148. The Director of Development left Palestine in June, 1932, and the Department of Development was re-organized and placed in the charge of a development officer. This officer was instructed to draw up schemes for the resettlement of the displaced Arab cultivators admitted to the Register which schemes were to be financed from a sum of £P.250,000 made available for the purpose as an advance against the proposed £2 ,500 ,000 loan.

149. As suitable State Domain lands were not available, land on which to settle the displaced cultivators on the Register had to be purchased from private owners. An area of 17 ,868 dunums was accordingly purchased in the Beisan and Jenin sub-districts at a cost of £P.72,240. It was calculated that this area would provide subsistence areas for some 400 families.

150. The Department of Development was abolished in 1939 and the management of the settlements which had already been started devolved upon the District Commissioners, whilst to the Department of Land Settlement fell the task of attempting to regularise the occupation of Arabs who had been allowed to occupy the land without the terms on which they would hold it having been settled. The keeping of the Register of landless Arabs was discontinued and sporadic cases of landlessness are now dealt with as and when they occur.

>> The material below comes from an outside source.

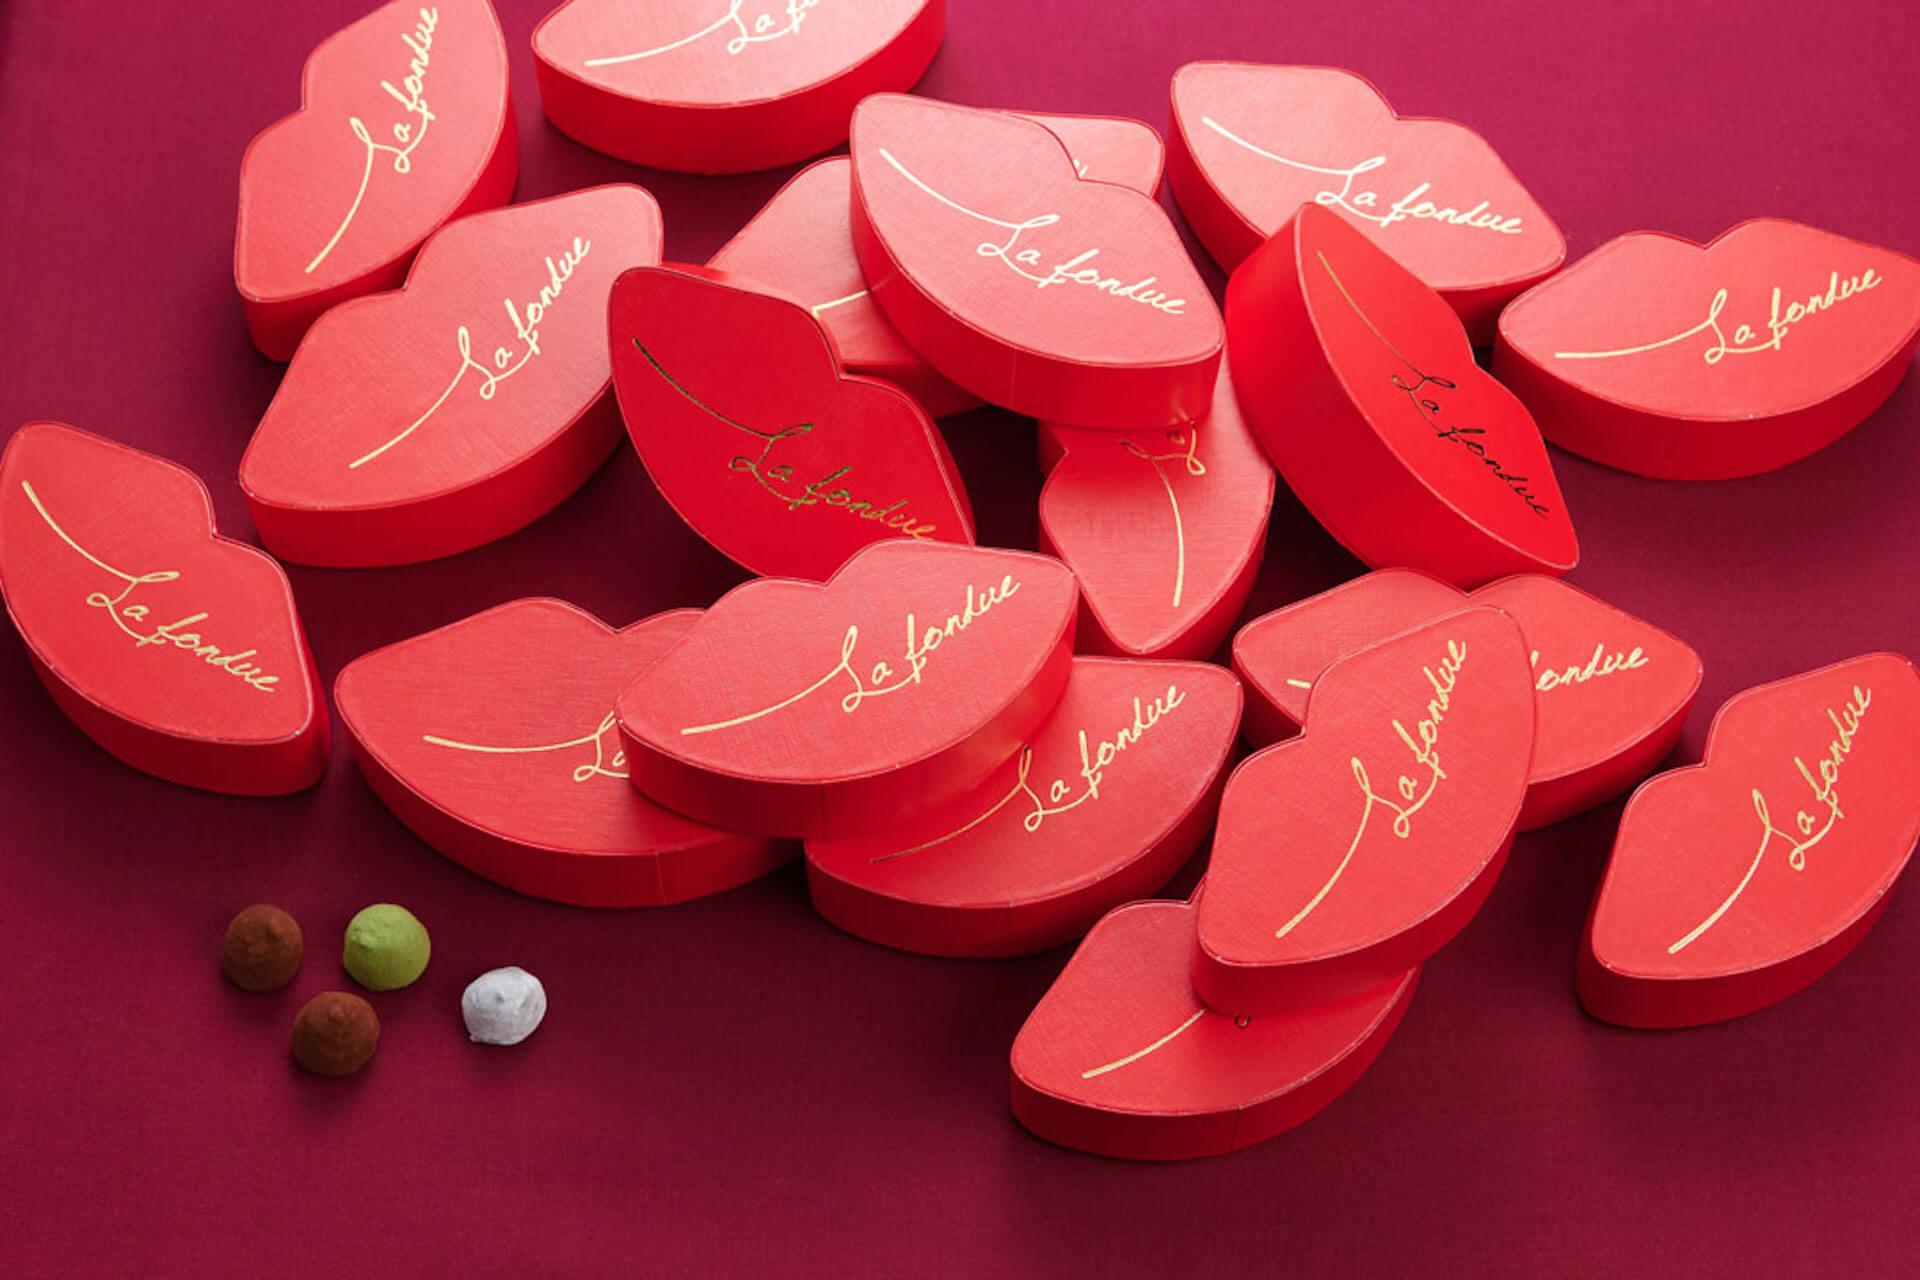 """唇だけで溶けてしまう""""噛まない""""生チョコレート『ラ・フォンデュ』がバレンタインシーズン限定で発売! gourmet210126_rafondue_8"""

THE ARARS OF WADI EL HAWARITH IN THE TULKARM SUB-DISTRICT:

151.. The first landless Arabs to be dealt with were the Wadi Hawarith Arabs, whose landlord had disposed of his land to the Jewish National Fund. Judgment for their eviction had already been passed as early as the end of 1929, and it became imperative to find other land to which they could move. Government thereupon undertook the reclamation and deep ploughing of some 10,000 dunums of the land which it had purchased in the Beisan sub-district, with a view to settling these Arabs upon it, and by the 31st of August, 1933, the major portion of the area was ready for occupation. On being evicted from the Wadi Hawarith, the Arabs, however, refused to settle on the lands prepared for them on the grounds that they were used neither to the climate nor to irrigated cultivation; their settlement in the Beisan sub-district had accordingly to be abandoned.